### Source material
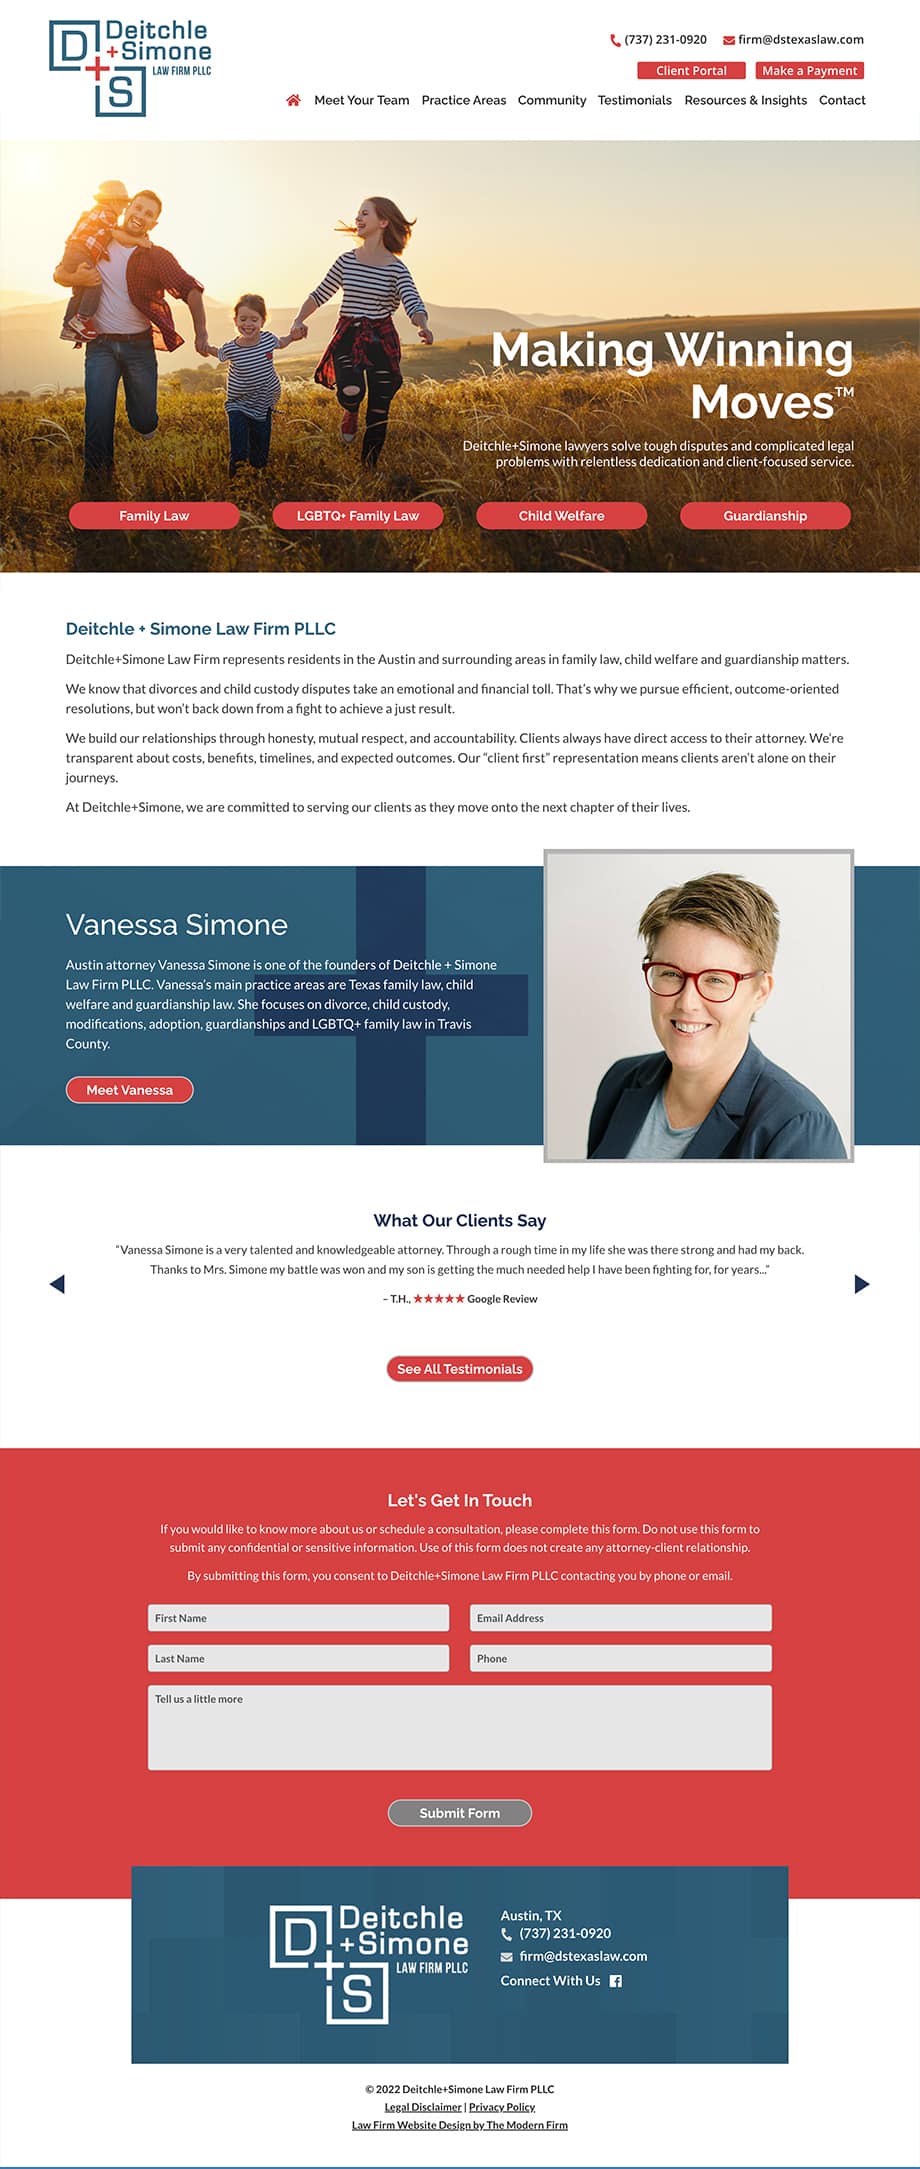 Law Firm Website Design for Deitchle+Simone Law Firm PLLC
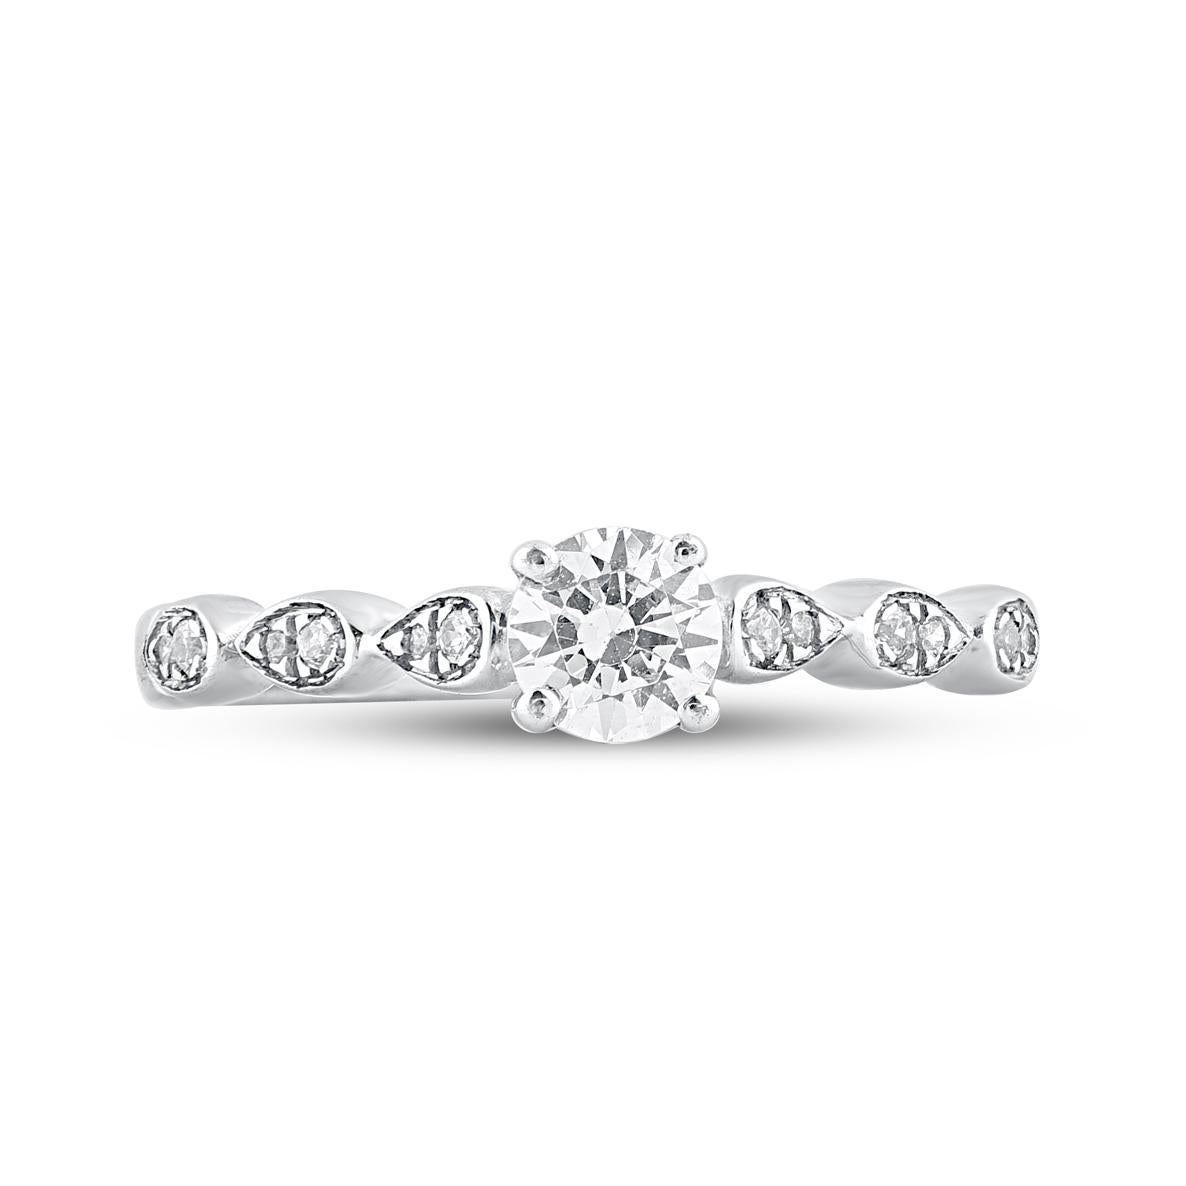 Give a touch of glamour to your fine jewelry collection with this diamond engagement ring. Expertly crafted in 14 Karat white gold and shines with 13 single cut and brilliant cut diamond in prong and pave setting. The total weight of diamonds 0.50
######
### Source material
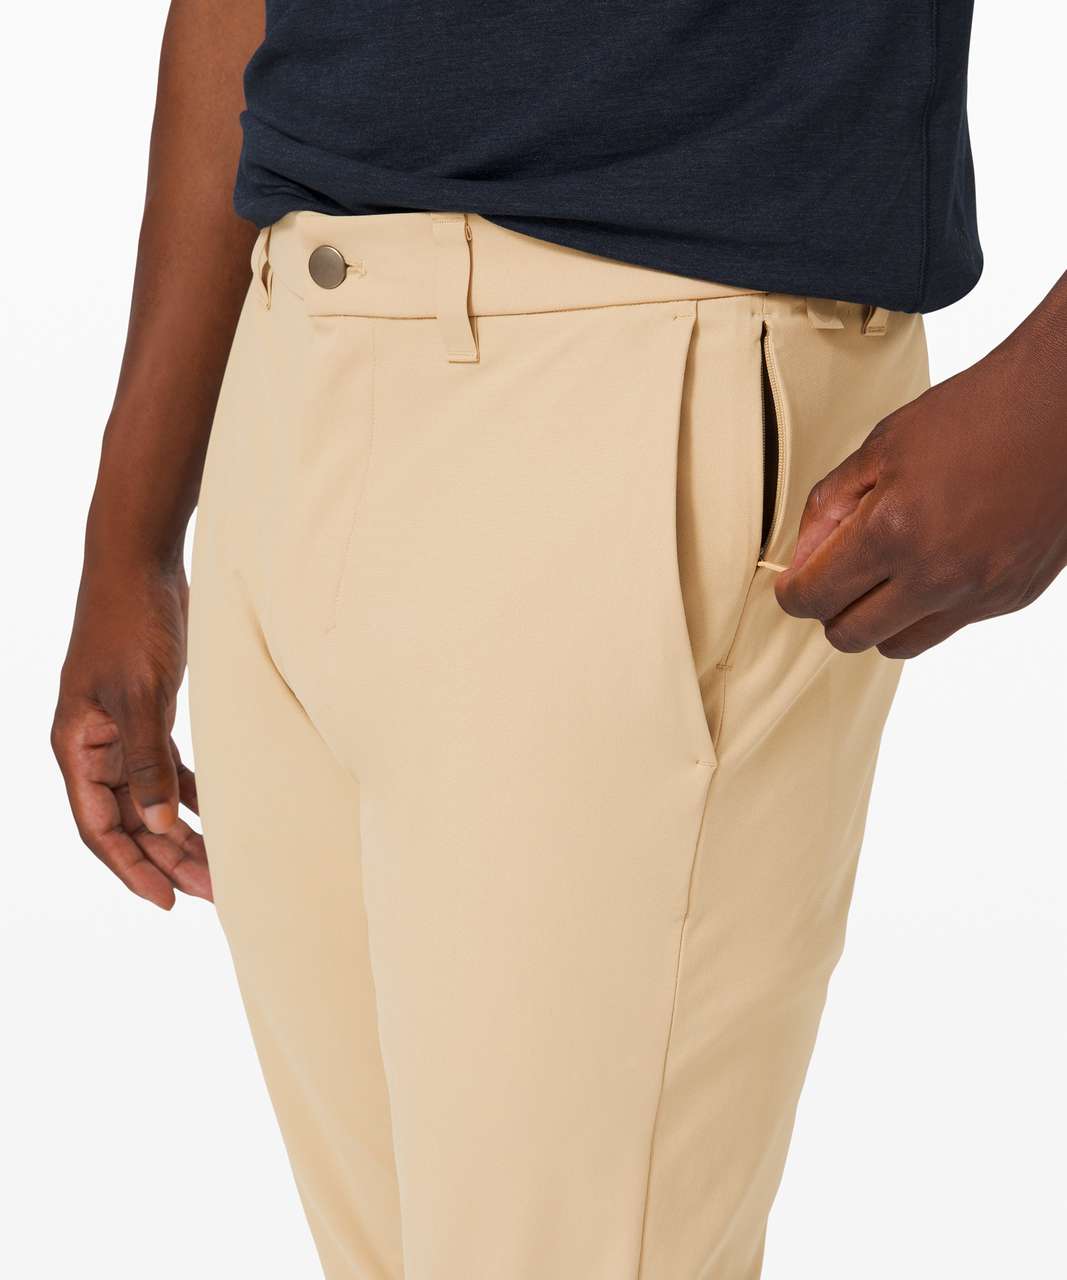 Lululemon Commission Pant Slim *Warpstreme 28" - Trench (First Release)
######
__What the exercise asks__: Retype only the lines above from the one with "Law Firm Website" through the one with "Give a touch", exactly and with both ends. Images stay out.

__Your solution__:
 Law Firm Website Design for Deitchle+Simone Law Firm PLLC
 Give a touch of glamour to your fine jewelry collection with this diamond engagement ring. Expertly crafted in 14 Karat white gold and shines with 13 single cut and brilliant cut diamond in prong and pave setting. The total weight of diamonds 0.50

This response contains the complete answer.